OpenAI offers agent capabilities through three main tools: the Responses API, Agents SDK, and Computer Use (CUA) model. These connect with Tallyfy to automate web interactions, document processing, and data extraction.

The CUA model now runs on o3 reasoning instead of the original GPT-4o. It scored 38.1% on OSWorld and 58.1% on WebArena - modest results that highlight why you shouldn’t rely on agents for anything complex yet. These capabilities are available through “ChatGPT agent” mode.

Important guidance for AI agent tasks

Your step-by-step instructions for the AI agent go into the Tallyfy task description. Start with short, easy tasks that are mundane and tedious. Don’t ask an AI agent to handle large, decision-heavy jobs - they’re prone to unpredictable behavior, hallucination, and costs can spiral fast.

How OpenAI agents work with Tallyfy

Tallyfy triggers tasks, provides structured inputs through form fields, and captures outputs. Webhooks or API calls connect Tallyfy processes with OpenAI’s agent tools.

Diagram

What to notice:

  • Multiple tools - agents pick between computer use, web search, and file search based on what the task needs
  • Structured data flow - Tallyfy sends inputs via form fields and captures agent outputs for downstream tasks
  • Error handling - failed tasks route to human review through Tallyfy’s conditional logic

OpenAI agent capabilities

Responses API - combines chat with multi-tool support, so agents can use web search, file search, and computer use in a single API call.

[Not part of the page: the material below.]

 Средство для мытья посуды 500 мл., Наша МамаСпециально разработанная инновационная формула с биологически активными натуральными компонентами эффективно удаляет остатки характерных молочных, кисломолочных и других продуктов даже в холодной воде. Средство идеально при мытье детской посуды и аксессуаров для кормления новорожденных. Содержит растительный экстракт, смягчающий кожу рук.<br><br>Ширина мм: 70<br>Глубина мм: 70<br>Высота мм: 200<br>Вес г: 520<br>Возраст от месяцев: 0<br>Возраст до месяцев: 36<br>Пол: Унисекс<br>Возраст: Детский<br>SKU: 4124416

Agents SDK - open-source toolkit for single-agent and multi-agent workflows. Works with OpenAI models and competitors like Anthropic and Google.

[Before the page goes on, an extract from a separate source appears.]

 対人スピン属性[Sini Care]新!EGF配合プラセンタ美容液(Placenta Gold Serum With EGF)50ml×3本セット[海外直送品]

Computer Use (CUA) - browser automation using o3 reasoning. Takes screenshots, finds UI elements, and simulates mouse/keyboard actions. Available through ChatGPT agent mode.

Web search - uses GPT-4o search with cited sources.

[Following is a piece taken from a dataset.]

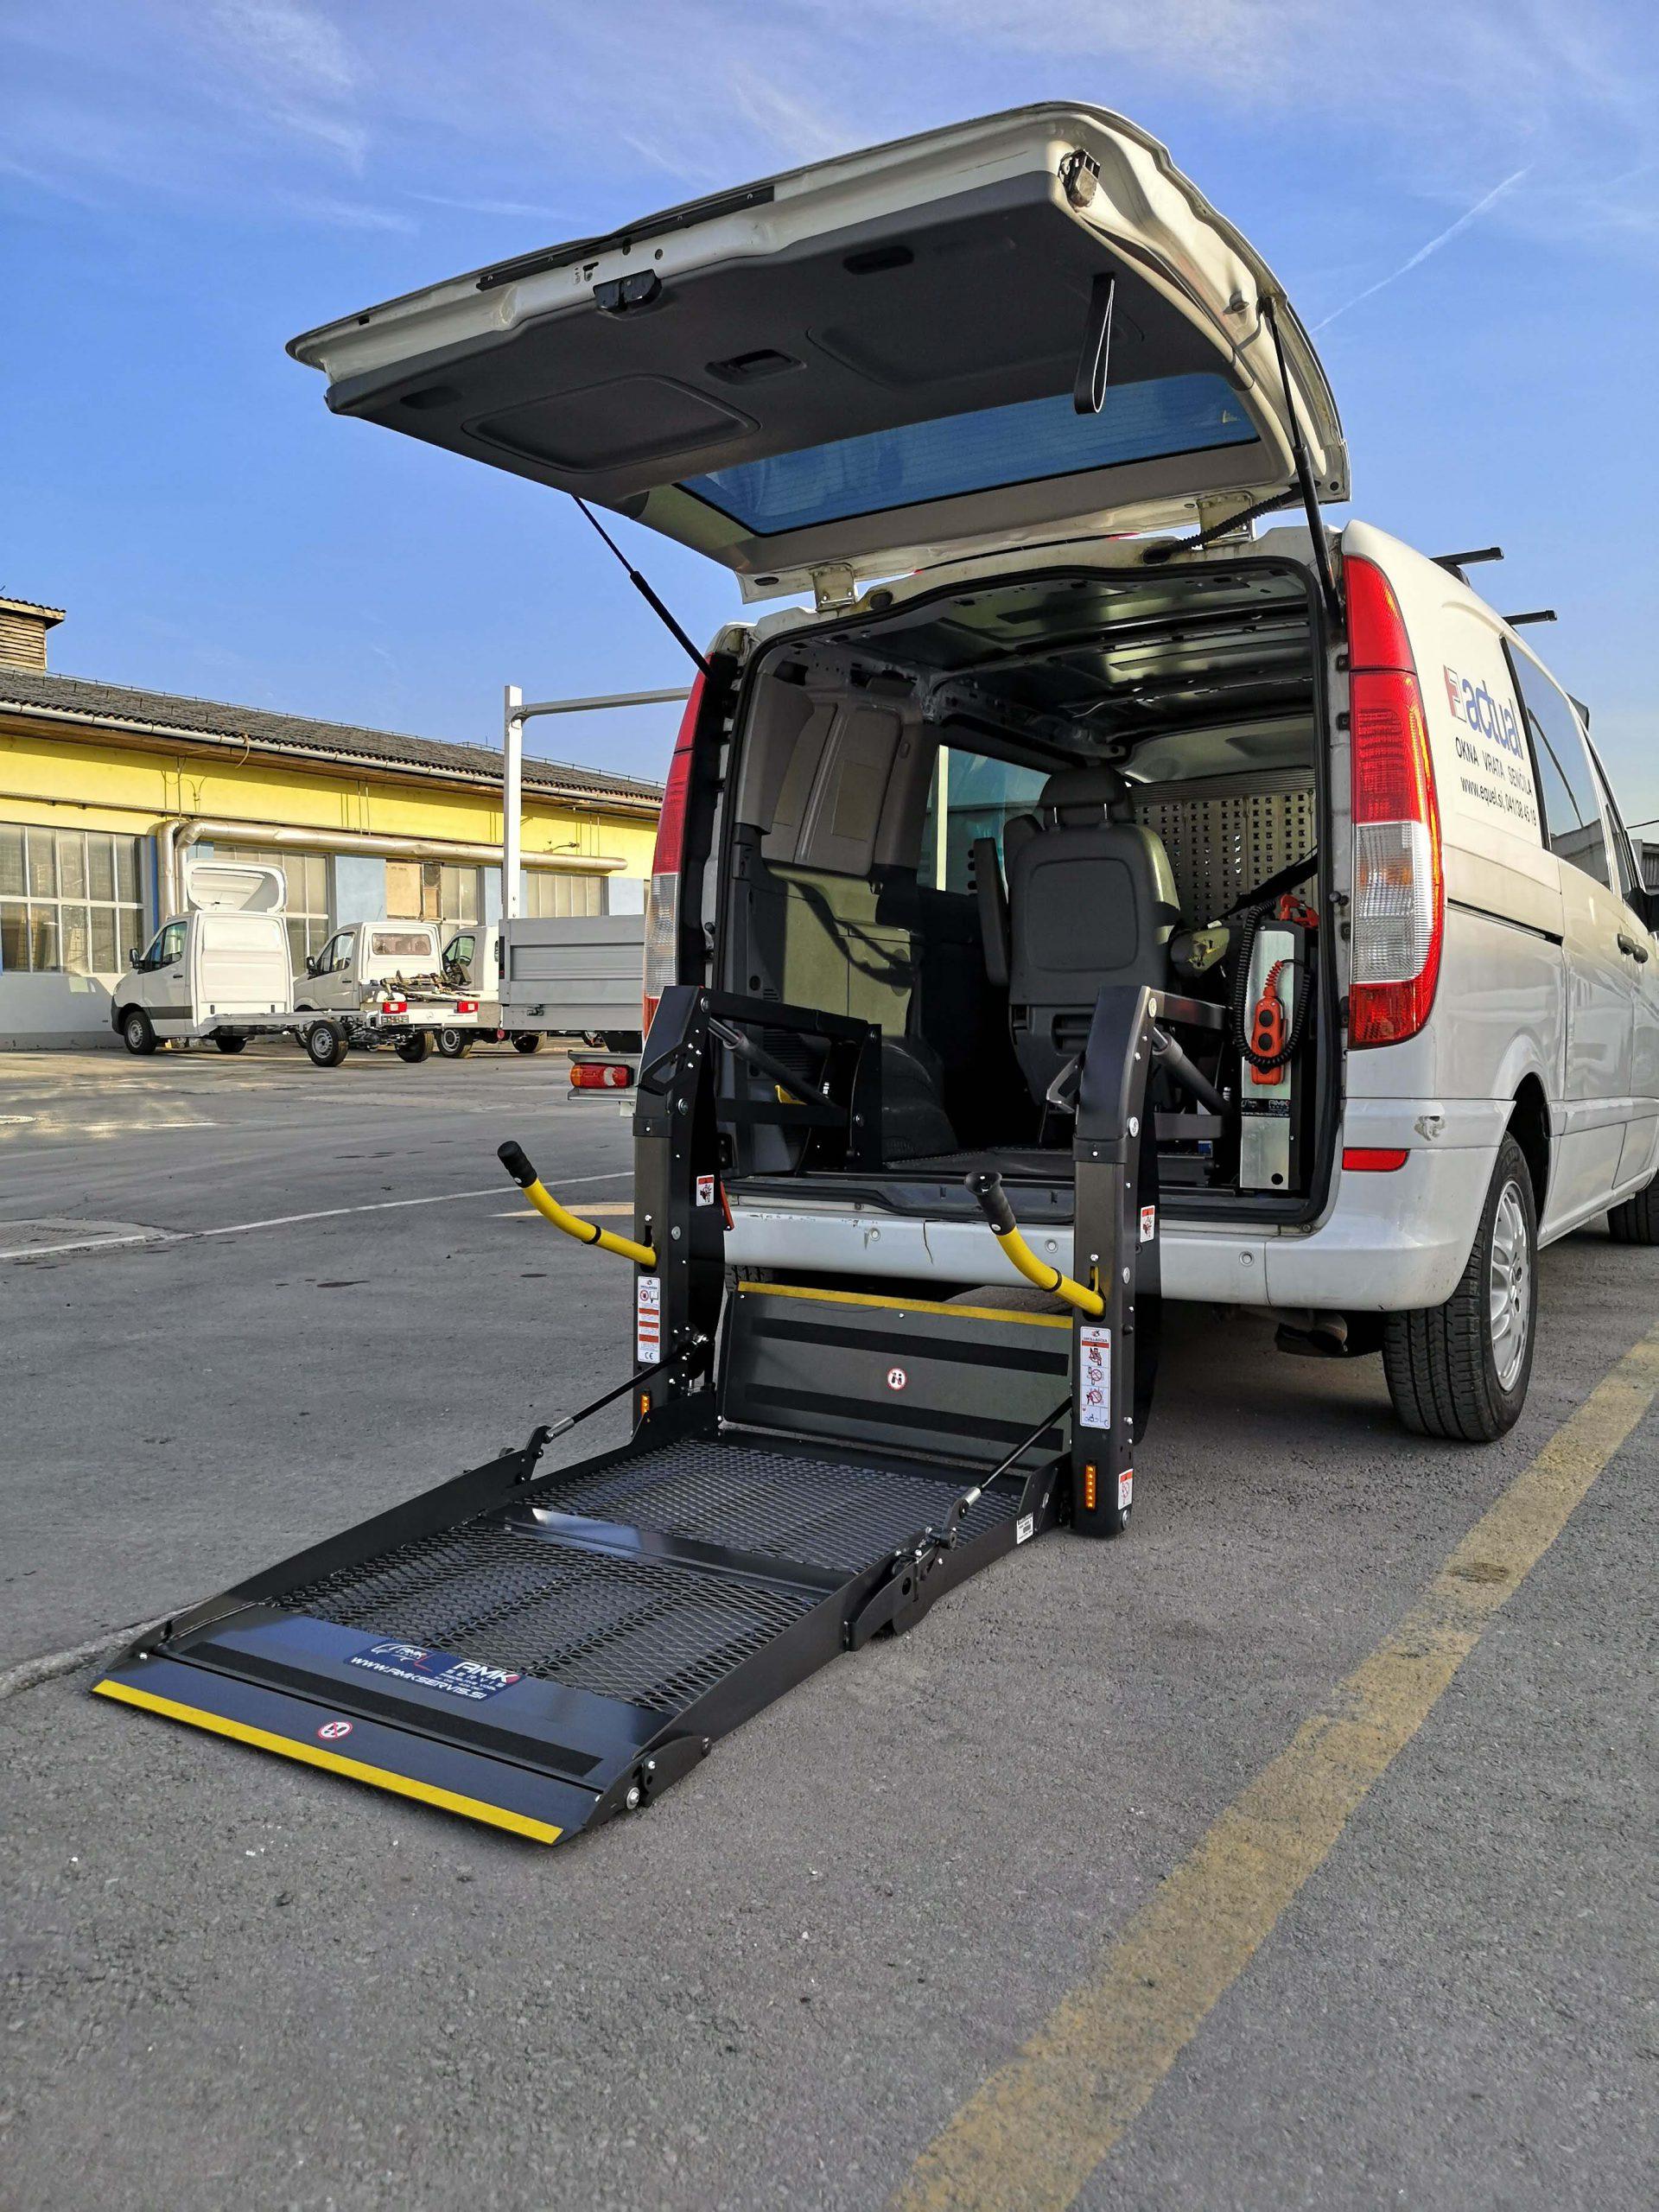 Hidravlično dvigalo za dvig osebe na invalidskem vozičku

File search - retrieves documents from large sets with metadata filtering.

Connecting with Tallyfy workflows

Trackable execution - every agent action runs inside a Tallyfy process with a full audit trail.

Error recovery - when agents hit issues, Tallyfy’s conditional logic routes tasks to humans.

Start small - begin with simple tasks like form filling or data extraction. Watch the results. Expand gradually.

MCP support - with Model Context Protocol servers, OpenAI agents can interact with Tallyfy using natural language commands like “complete the next task in customer onboarding.”

CUA model details

Visual perception - captures screenshots and identifies buttons, text fields, and links.

Action execution - simulates mouse clicks and keyboard input on websites.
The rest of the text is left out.